▶ **Problem to work on**: Restate the data word for word. Leave the pictures out.

▶ **Collected data**:

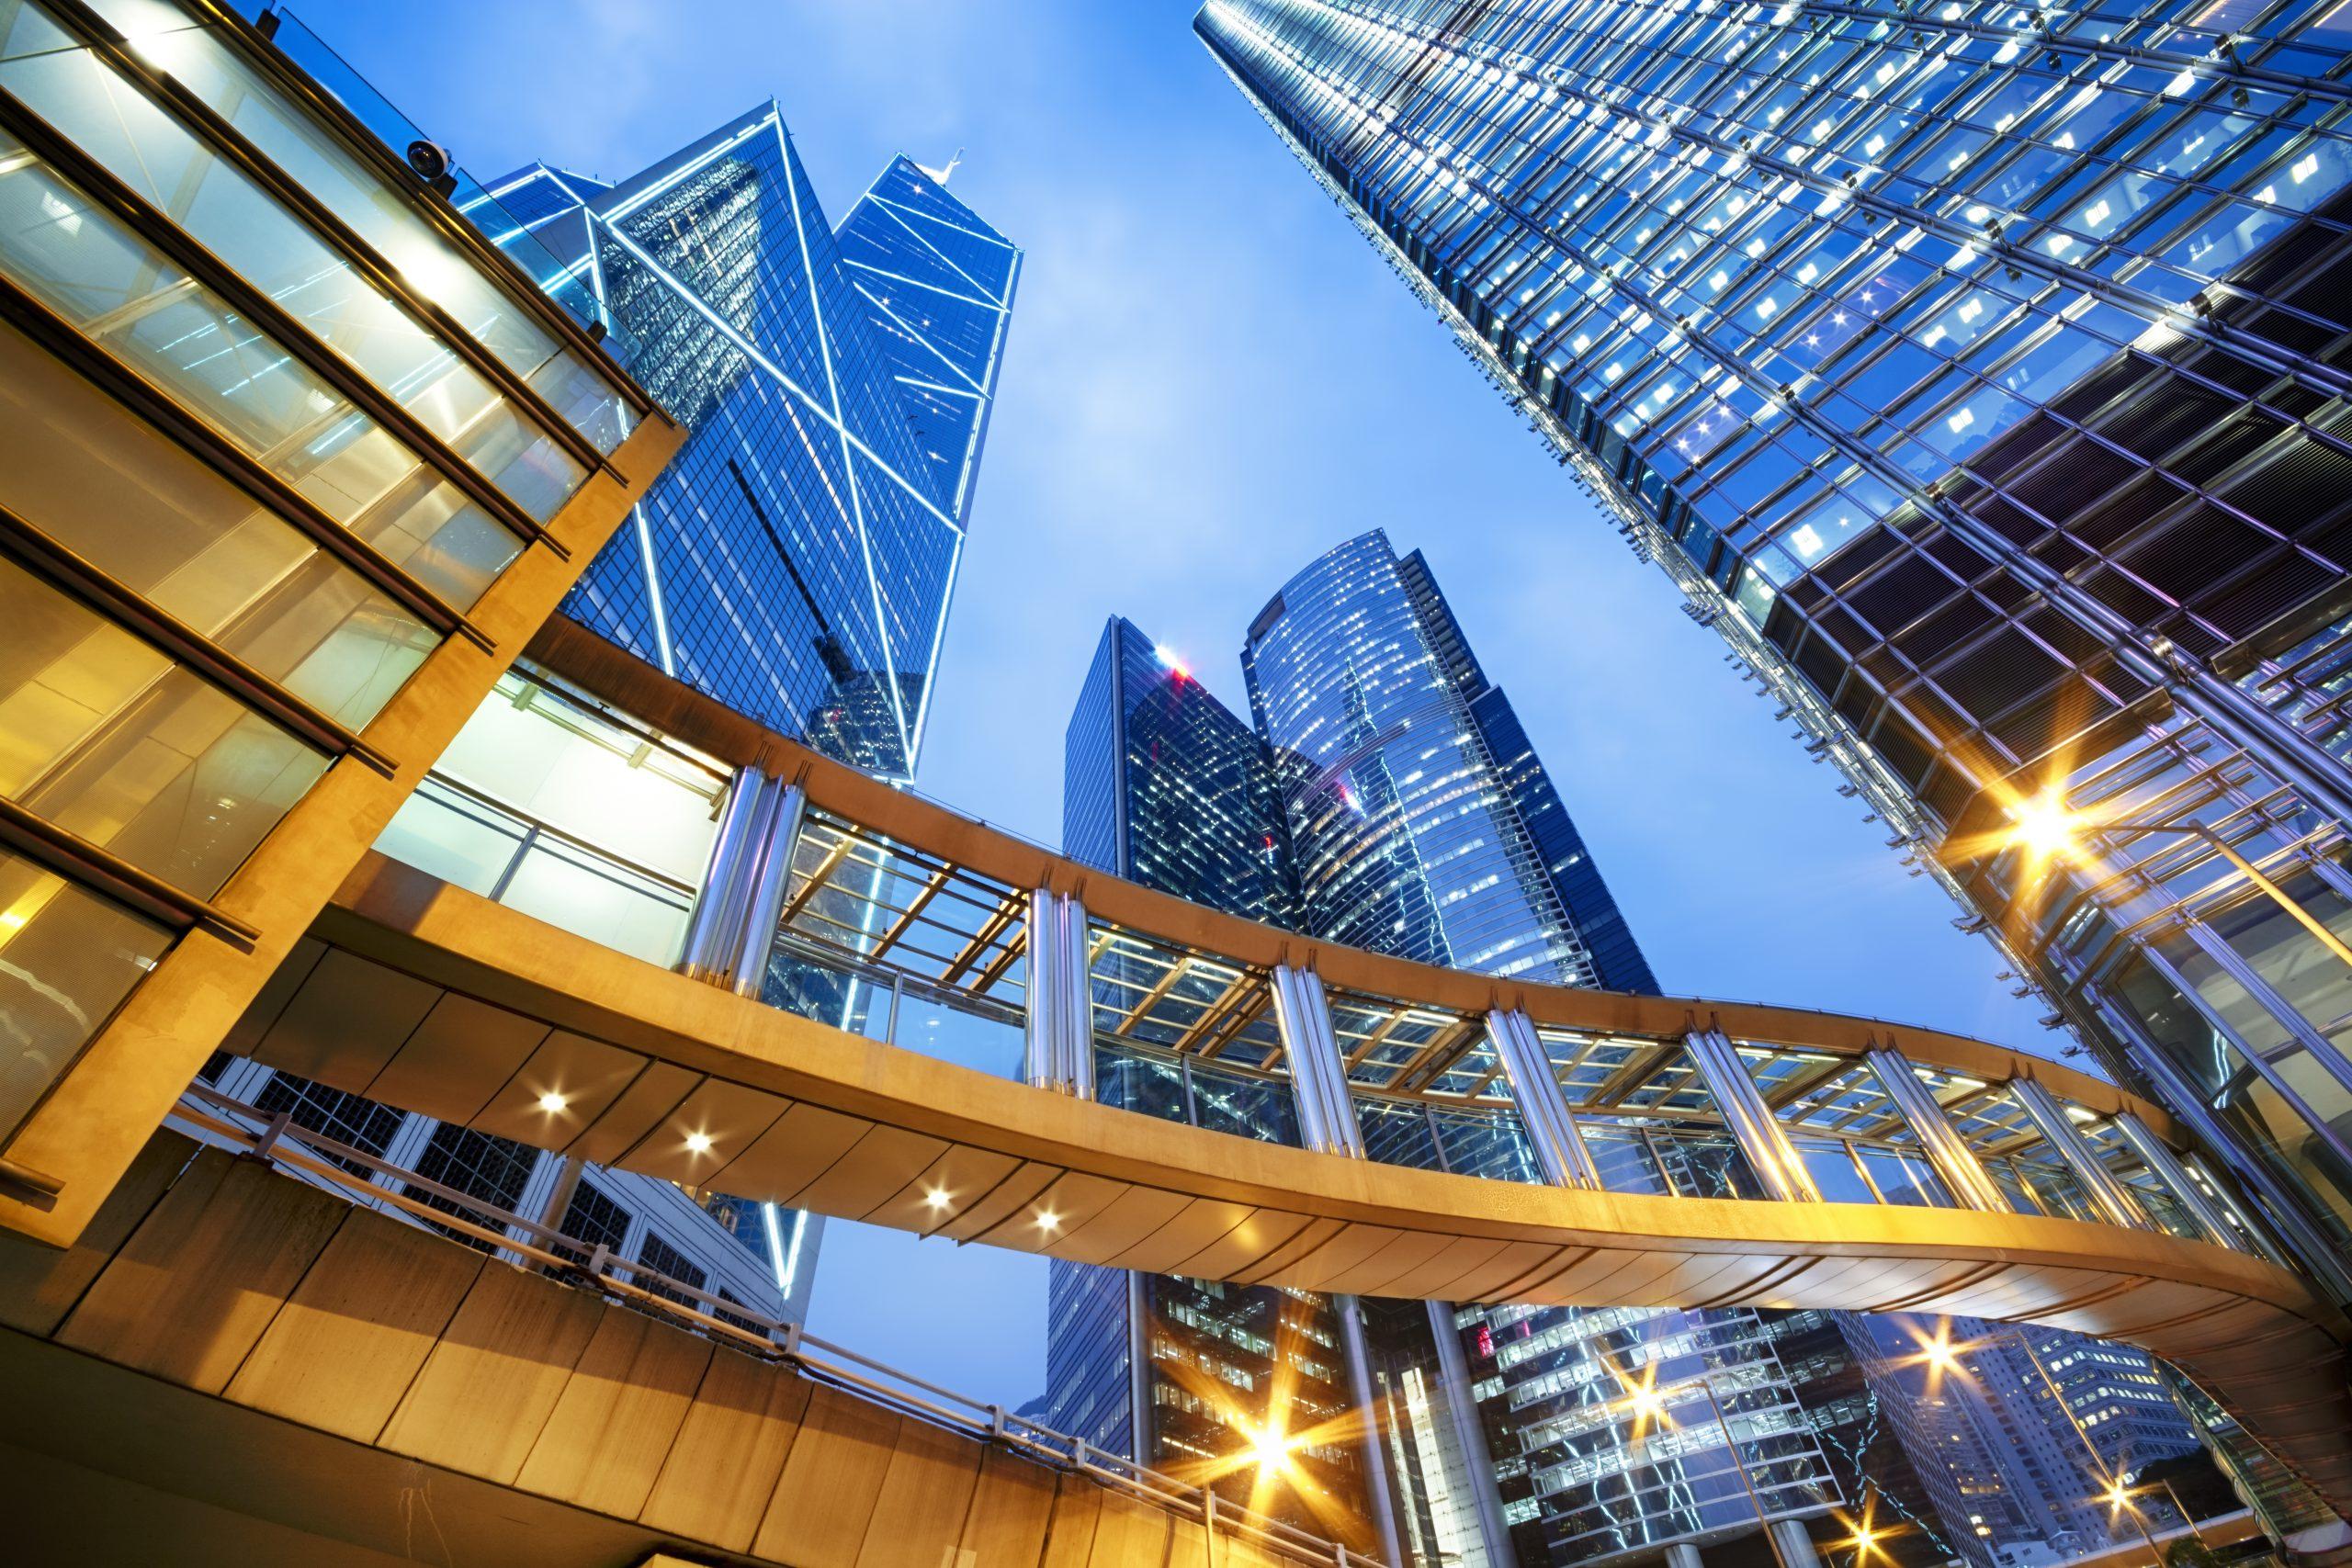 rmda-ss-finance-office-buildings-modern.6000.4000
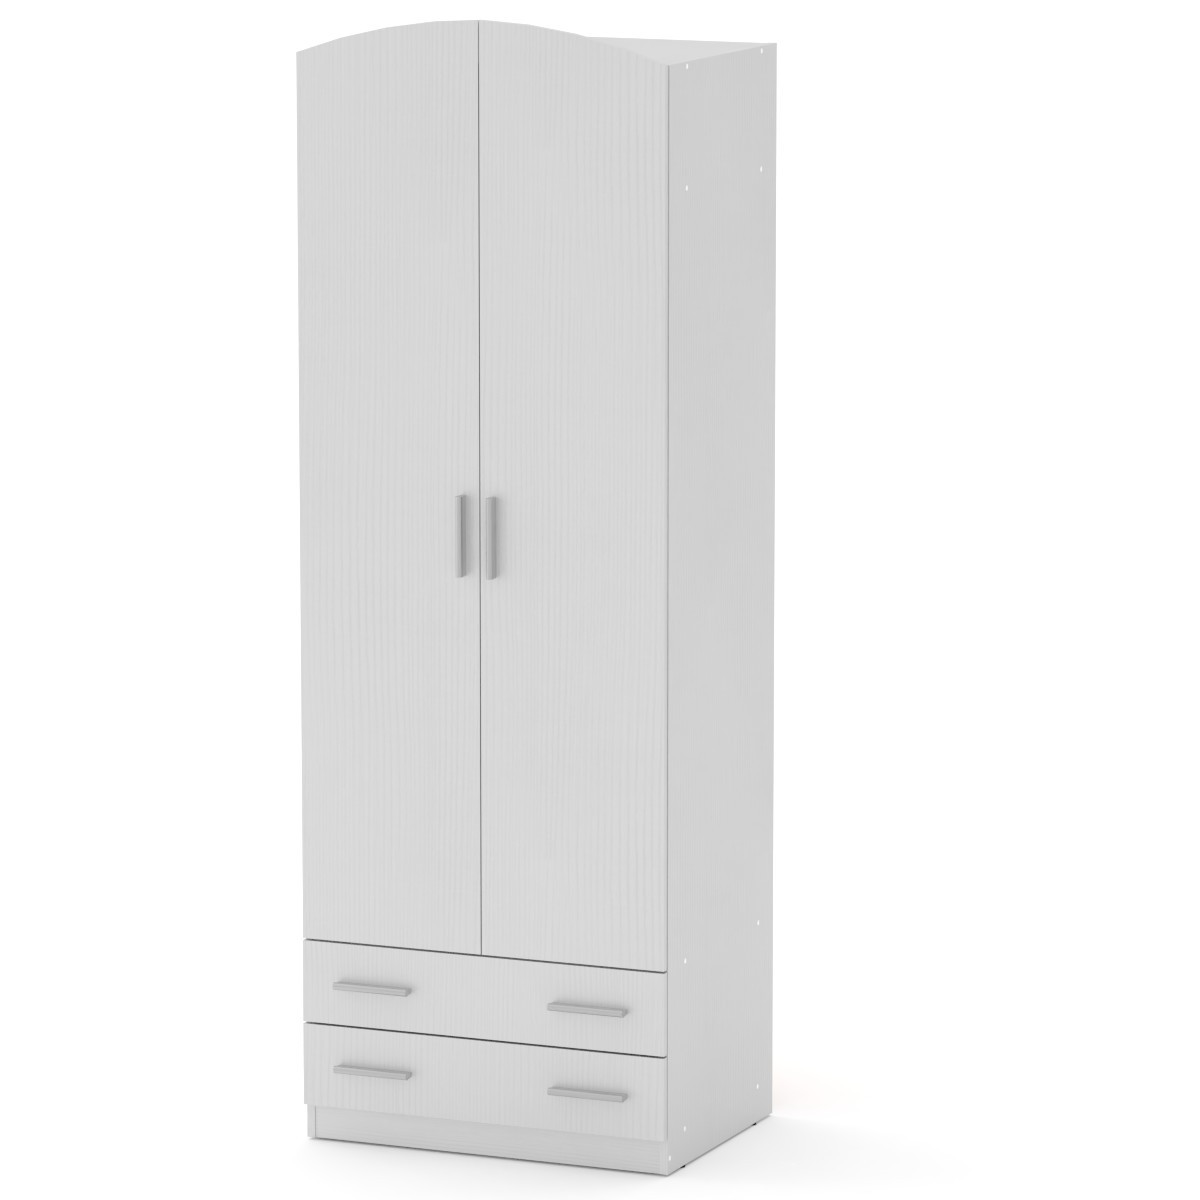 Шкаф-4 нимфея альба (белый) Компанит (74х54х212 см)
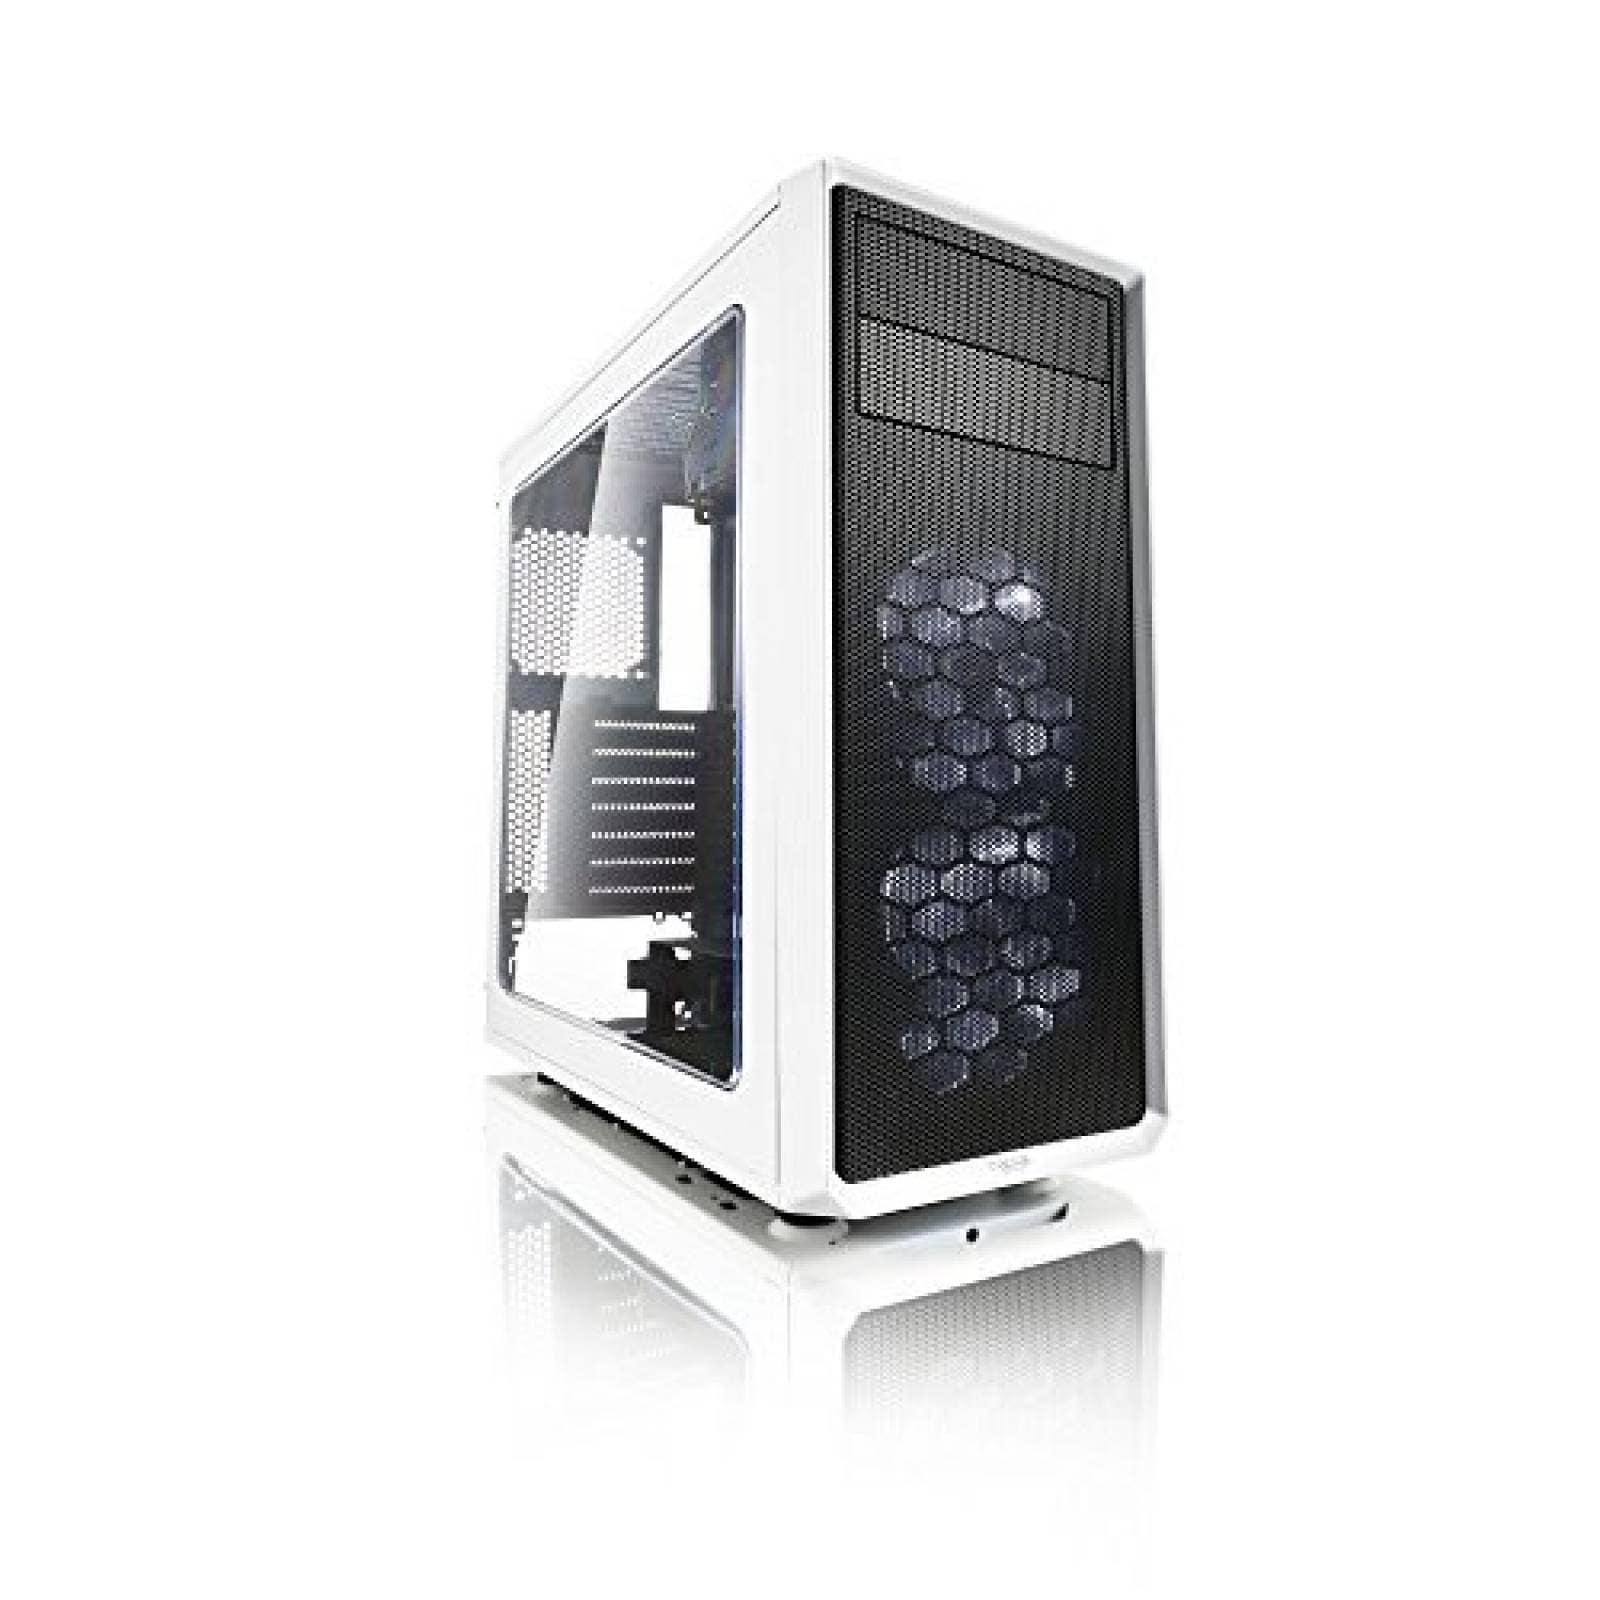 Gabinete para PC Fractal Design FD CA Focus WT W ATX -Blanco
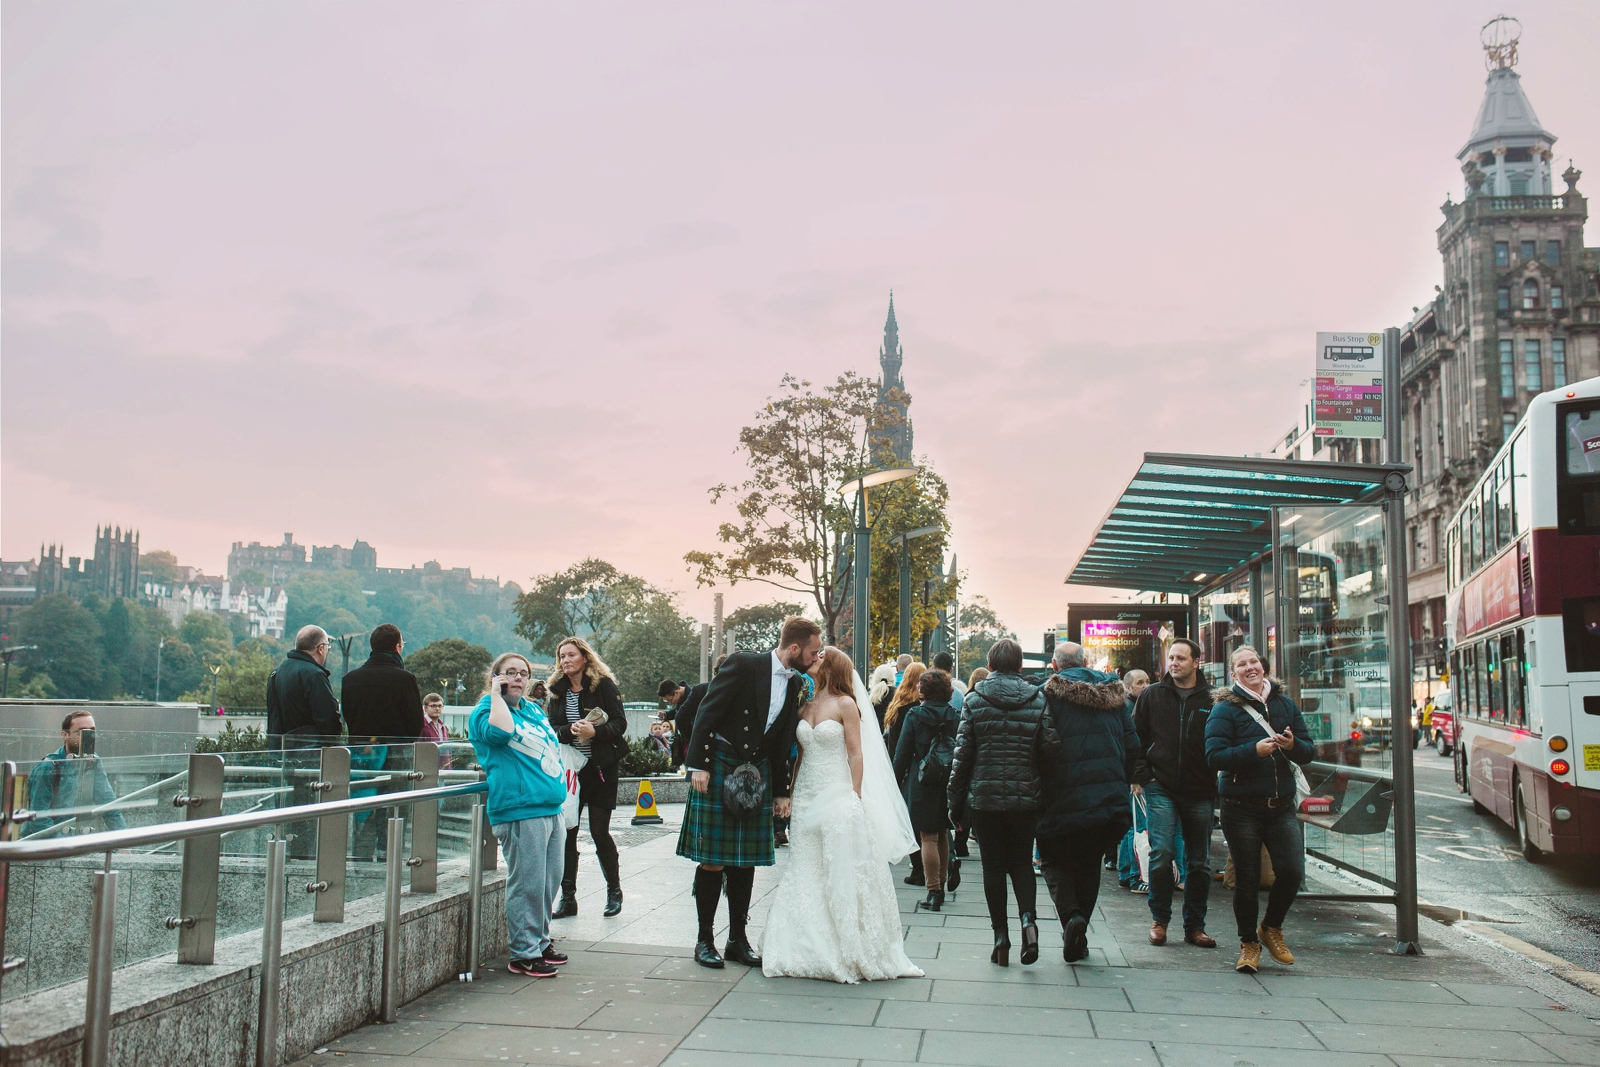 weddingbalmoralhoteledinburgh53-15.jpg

▶ **Solution to the exercise**:
 rmda-ss-finance-office-buildings-modern.6000.4000
 Шкаф-4 нимфея альба (белый) Компанит (74х54х212 см)
 Gabinete para PC Fractal Design FD CA Focus WT W ATX -Blanco
 weddingbalmoralhoteledinburgh53-15.jpg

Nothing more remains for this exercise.